35!

914 33 5
                                    

Uçağa doğru yol alırken birden önümüze iki tane araba geçti görkem arabayı durdurup arka arka gidiceği zaman arkadada iki araba durdu.

"Efendim başınızı eğin" diye bağırdı görkem. Dediğini yapıp eğdim başımı. Ama ne çare ki öldürüceklerdi beni! Güçlü dur güçlü dur! Savaş güçlü biri sende güçlü durucaksın! Arabaya doğru adamlar gelmeye başlayınca. Titremeye başladım. Arabanın ön camı kırılıp görkemin kafasından kurşun geçince çığlık attım ağlamaya başladım. Kan akıyordu.

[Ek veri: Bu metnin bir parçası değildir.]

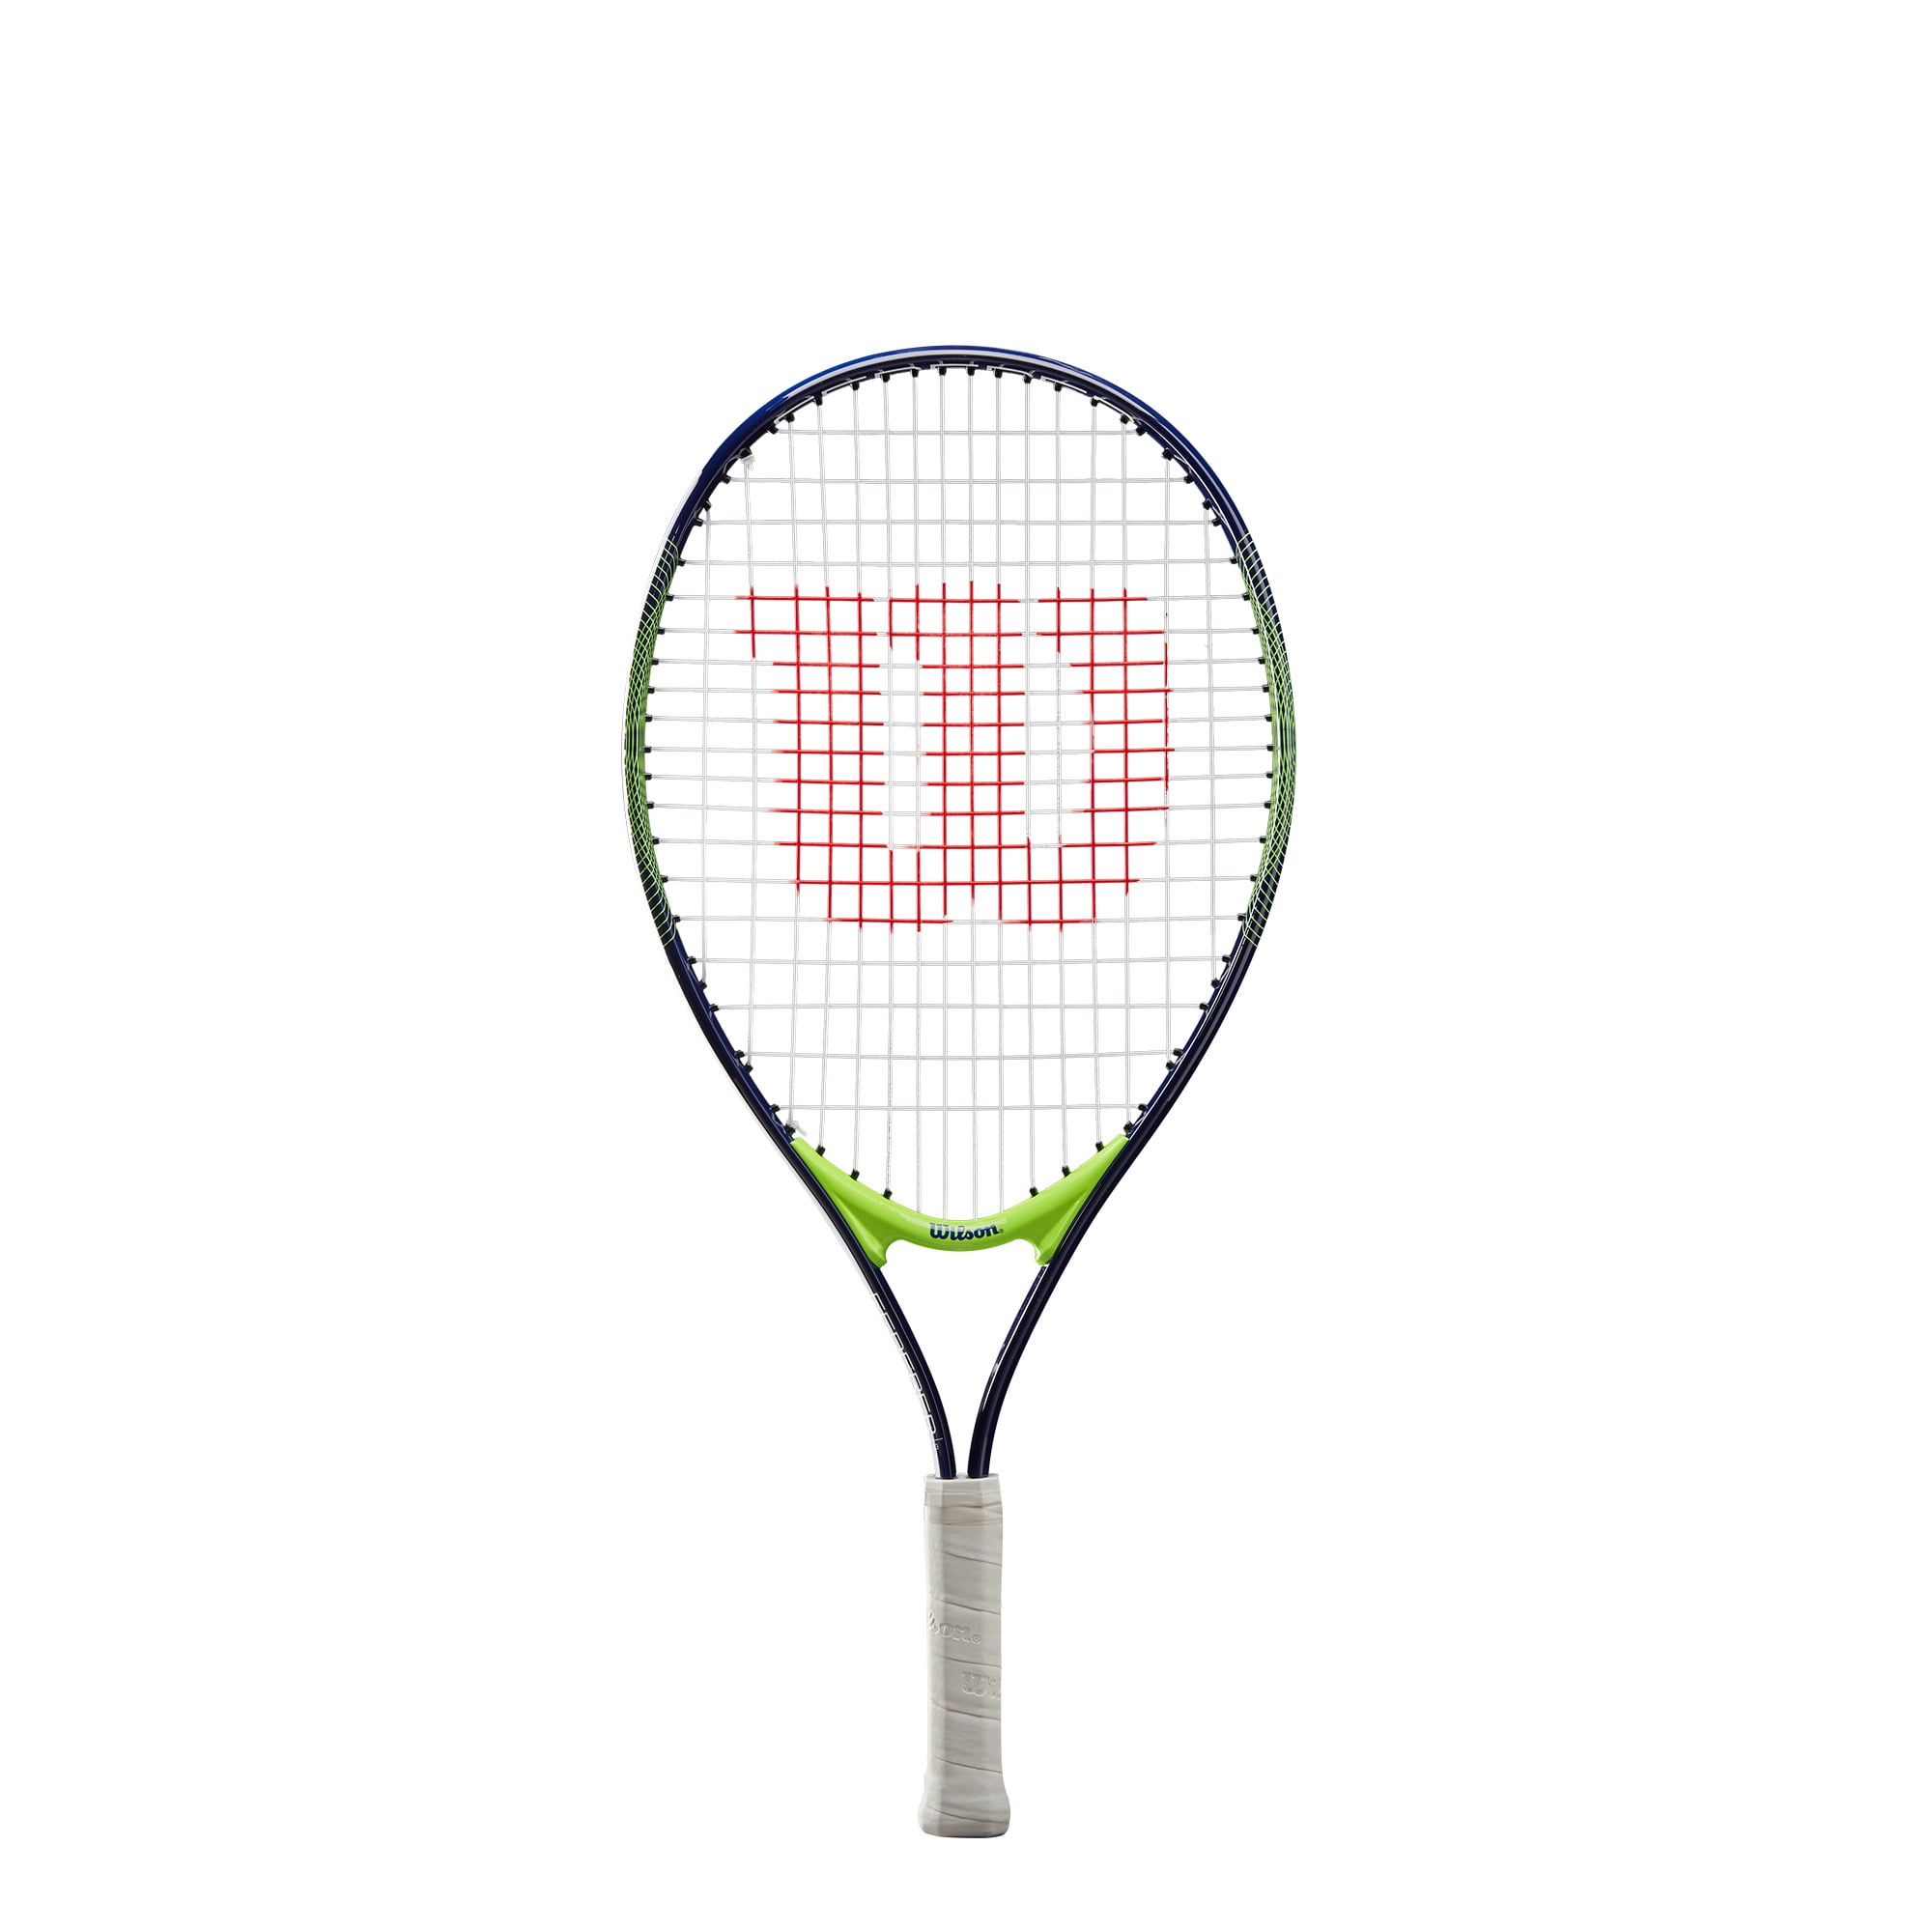 Authorized Dealer w/ Warranty 15 Pro Tennis Racquet Details about   ProKennex Ki Q 
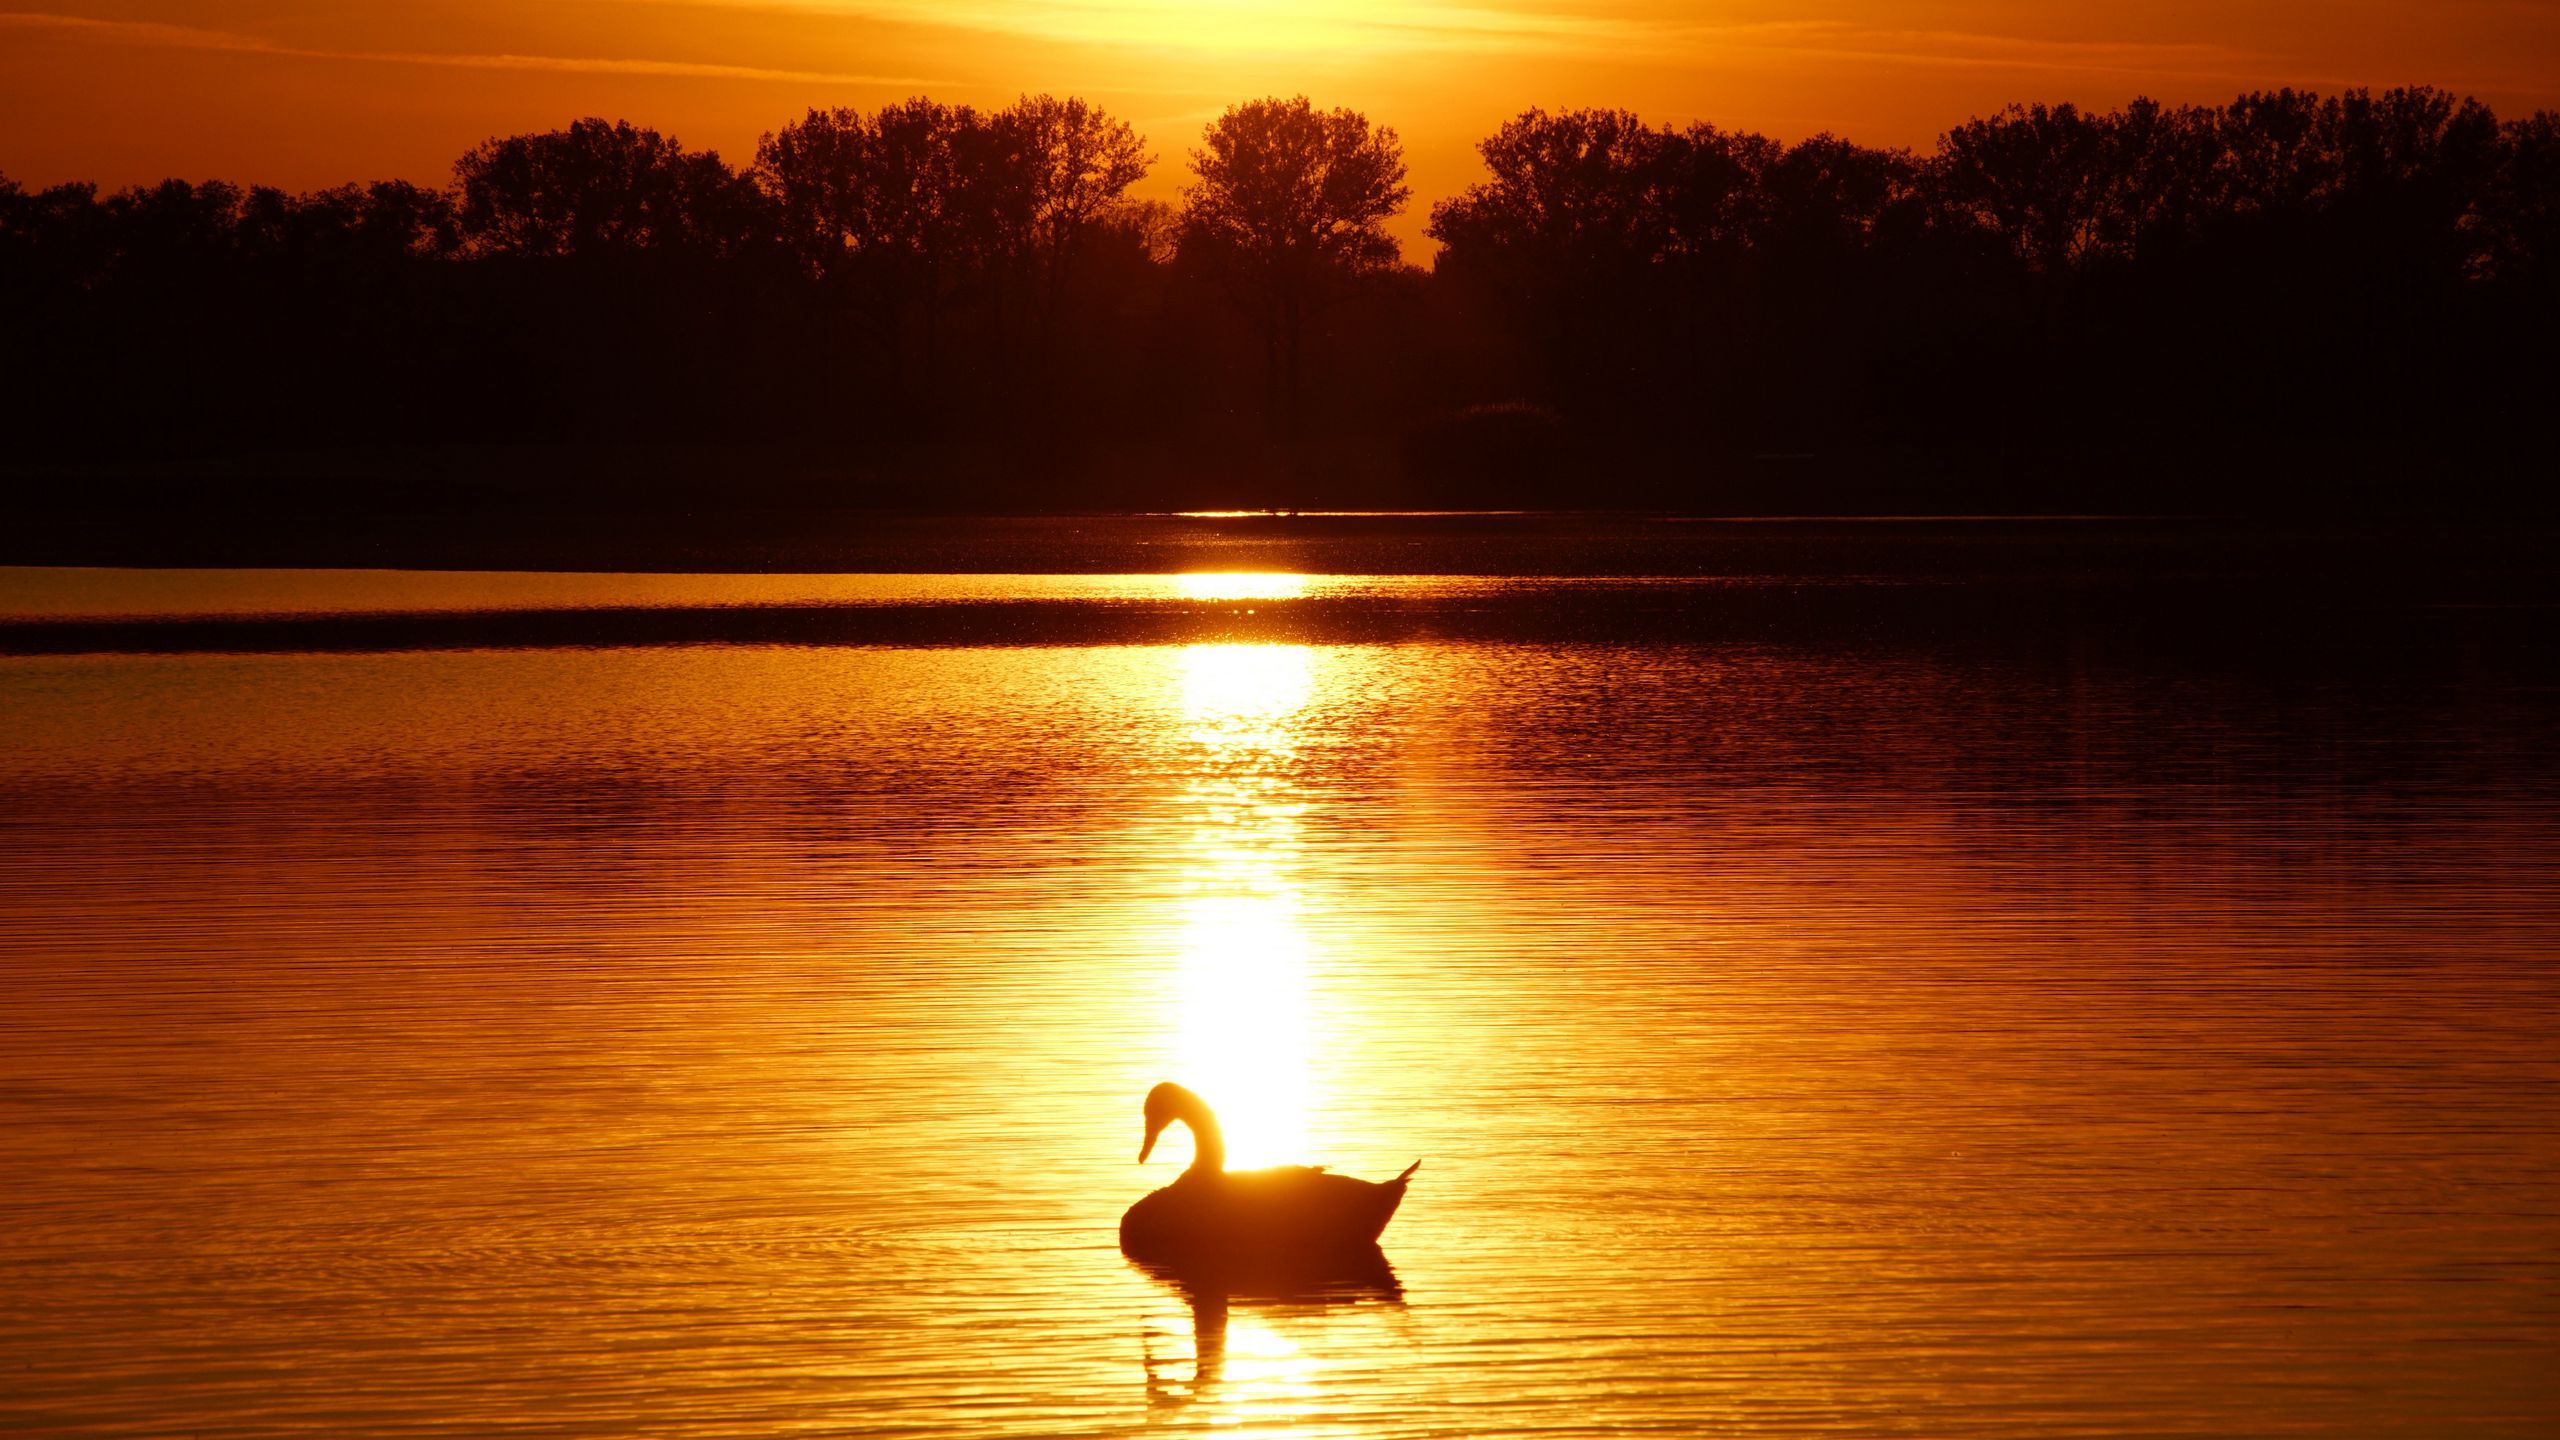 Download wallpaper 2560x1440 swan, sunset, pond, trees, horizon

"Görkem" dedim ağlamaklı sesimin arasından. İki adam benden taraftaki kapıyı açıp. Kolumu tutup beni aldılar. Direnmeye çalıştım. Ne çare adamlar beni arabaya doğru çekiştirip içeri attılar. Başımada silah dayadılar.

Ağlamayı kes mira! Savaş sana cesaretli olmayı öğretmedi mi? Öğretti! Başımı kaldırıp kendime güvendiğimi göstermeye çalıştım. 

Araba depo gibi bir yerde durunca çekiştirip beni indirdiler. Depoya doğru yürümek zorunda kaldım. İçeri girince sandalyeye doğru yürüdüm. Karşımda bir adam oturuyordu. Bağlicaklar diye düşündüm bağlamadılar. Başımızın üstünde ki ampul yanınca adamı gördüm. Bu kimdi?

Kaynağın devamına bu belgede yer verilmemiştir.